Last week's rolling blackouts in Texas were the first in 17 years for the Electric Reliability Council of Texas, and it was all caused by a spike in the weather during a time when extreme heat is not expected.
ERCOT is a non-profit organization regulated by the Public Utility Commission of Texas. According to the ERCOT website, "the organization is entrusted to keep electric power flowing to approximately 20 million Texas customers."
ERCOT Spokesperson Dottie Roark said her agency encourages its many power generating members to perform maintenance during April. "Summer is the peak time for us, so we encourage the maintenance work in April because of the cooler temperatures," said Roark.
Yet last Monday, many of ERCOT's customers coped with rolling blackouts due to unexpected hot temperatures.
Roark said the high on April 18 in Dallas was five degrees over the forecast, which caused a huge impact on the grid. "We don't expect temperatures in the 100s at this time, that's why we were short of capacity," she explained. In fact, she said it was a series of events that prompted the involuntary rolling blackouts - something the agency hasn't had to enact for 17 years.
"We do have an electric energy curtailment program and that's what we focused on last Monday," she said, noting the agency's plan for when events like last Monday's happen. Roark said the demand reached a high point last Monday at 12pm, so the agency went to the first step of their emergency plan. "We call in all available capacity. We did that in 2003 during an ice storm and that solved the problem. Yet this time it was still getting hot so we went to step 2 - bringing in the interruptible loads."
"Interruptible loads" is the term for those power generators who have signed a contract with ERCOT to move their loads to ERCOT's if their power is needed.
"Yet then around 4pm we had several units (fail) within a few minutes of each other," said Roark. "That's when our frequency went below a certain cycle. That triggers step 4 - rolling outages."
The failing units caused the process to immediately skip step three of notifying the public to conserve energy before outages were needed.
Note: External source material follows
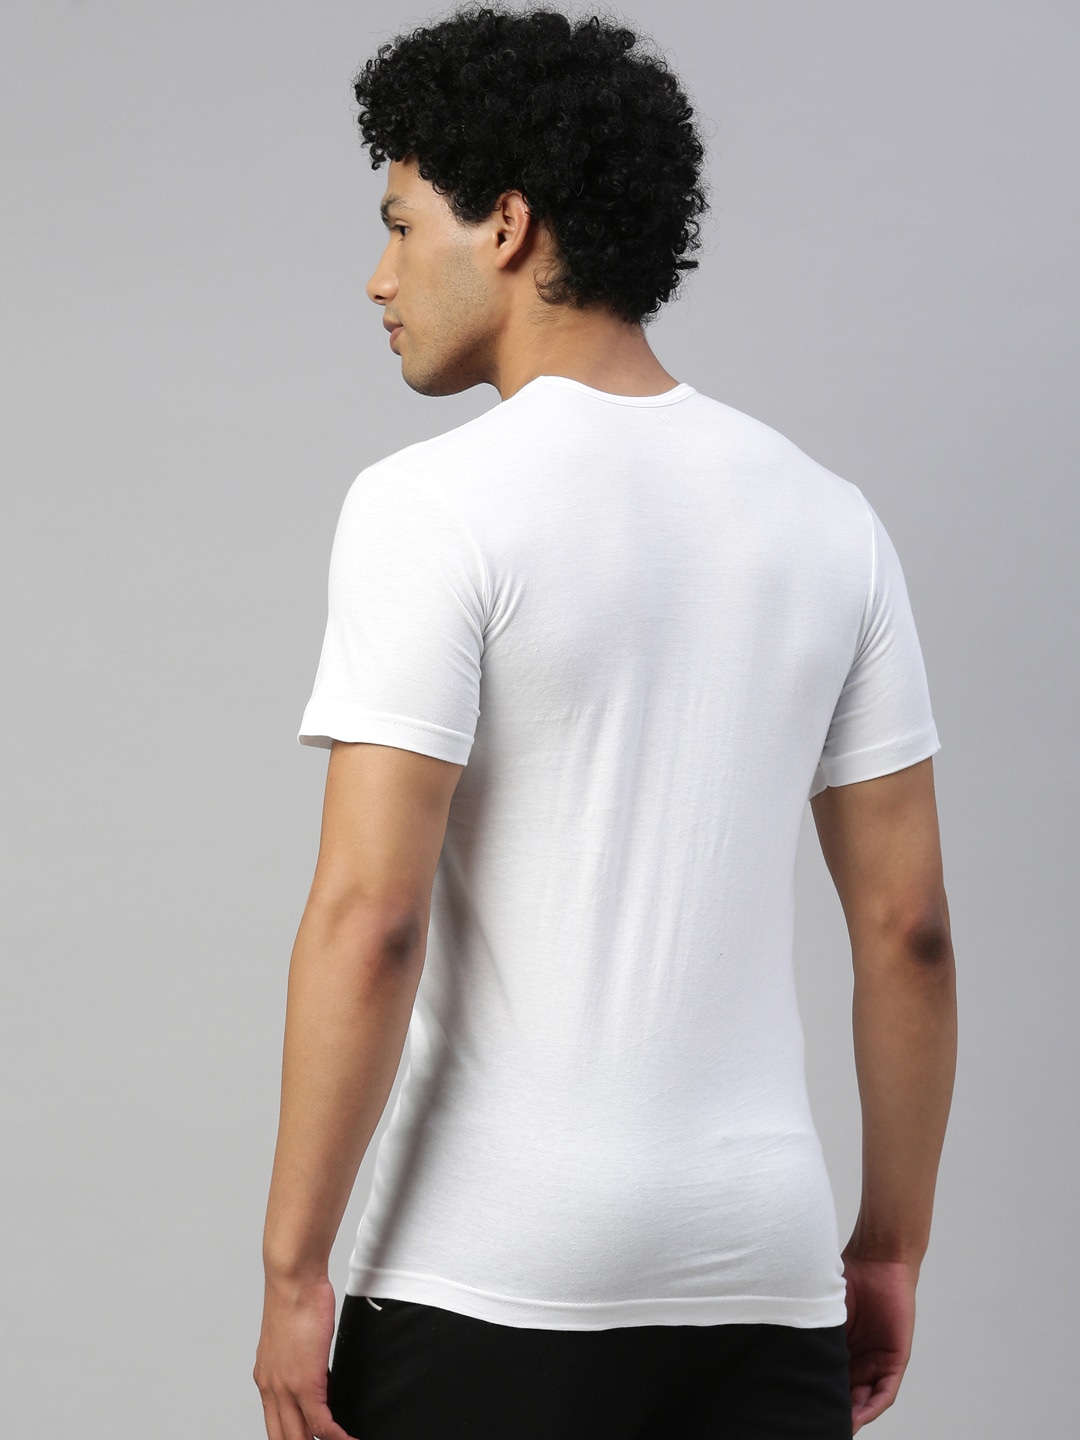 Clothing Innerwear Vests | DIXCY SCOTT MAXIMUS Men Pack Of 2 White Solid Pure Cotton Innerwear Gym Vests MAXV-003-GLIDE VEST-P2 - OT56511

Roark said that move may have inconvenienced some people, but in reality the power operators did the right thing.
"They saved the state from what could have been a really extended sustained blackout which would have cost money and lives. Thank goodness we had our emergency procedure in place to avoid a blackout."
Now ERCOT staff are reviewing lessons learned from last Monday's emergency to see how to avoid it in the future.
This week's temperatures in Texas are forecast to be slightly cooler.